If port is in use, kill the process and try again.

# find process
sudo netstat -tulnp | grep 11434

kill -9 YOUR_PID

Let's add LiteLLM to systemd service /etc/systemd/user/litellm.service:

[Unit]
Description=LiteLLM Proxy
After=network-online.target

StartLimitInterval=1800
StartLimitBurst=60

[Service]
Type=simple

Environment=PYENV_ROOT=%h/.pyenv
Environment=PATH=%h/.pyenv/bin:%h/.local/bin:/usr/local/bin:/usr/bin
Environment=OPENROUTER_API_KEY="sk-or-12345"

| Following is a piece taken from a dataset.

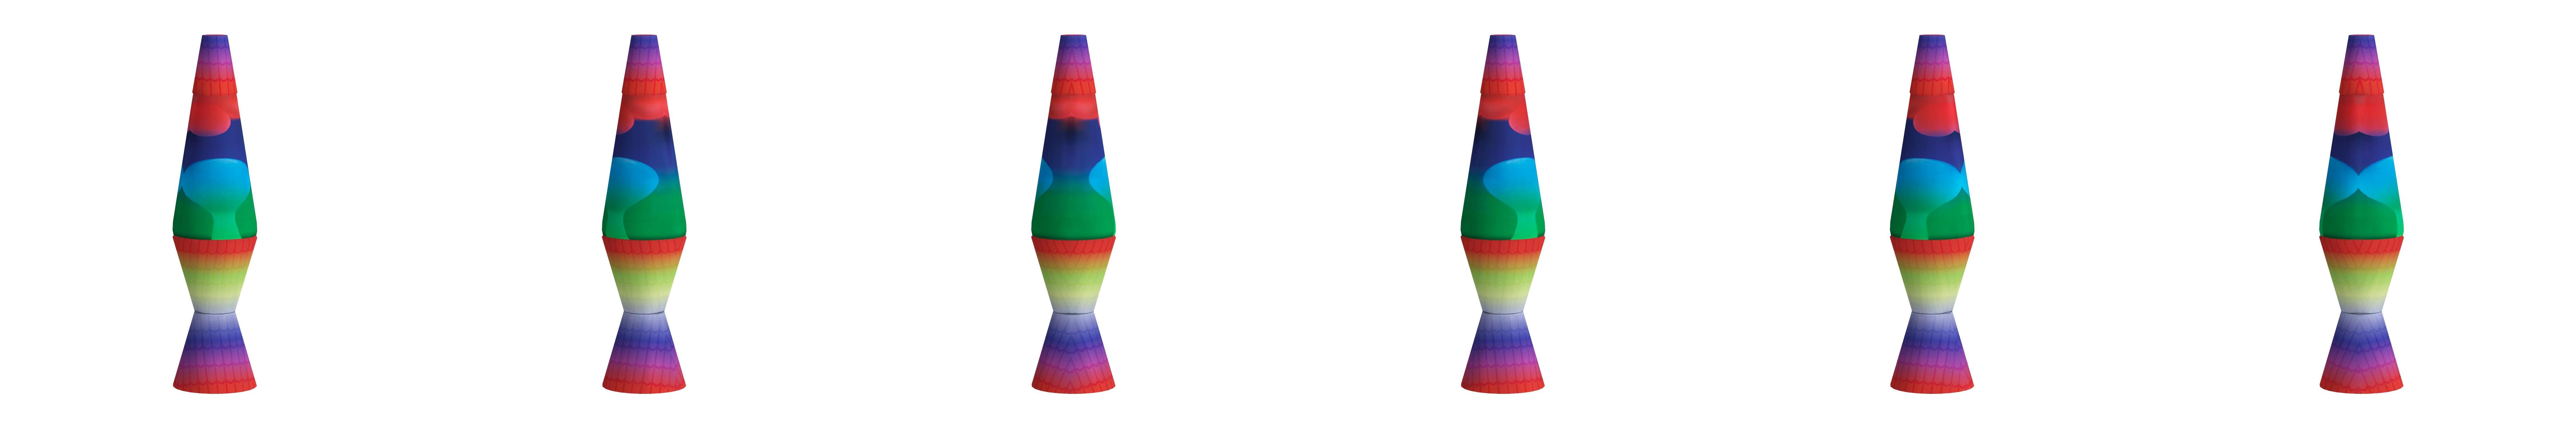 25 Watt Light Lava Lampen Schlafzimmerlampe Sensorische Lichter Color : Purple//Blue Rainbow Lava-Lampen f/ür Kinder

ExecStart=/bin/bash -lc 'eval "$($PYENV_ROOT/bin/pyenv init -)"; pyenv activate python3.11 && litellm --config %h/LiteLLM/litellm.yaml --port 11434'

Restart=on-failure
RestartSec=20s

[Install]
WantedBy=default.target

Reload systemd and enable service

systemctl --user daemon-reload
systemctl --user enable --now litellm

LOGS and restart

journalctl --user -u litellm -f
systemctl --user restart litellm
systemctl --user status litellm -n 50

Now you can use LiteLLM proxy as a proxy for OpenAI compatible API and connect it to your applications.

If you need more features like statistics and such, I recommend running a Docker version with proper setup.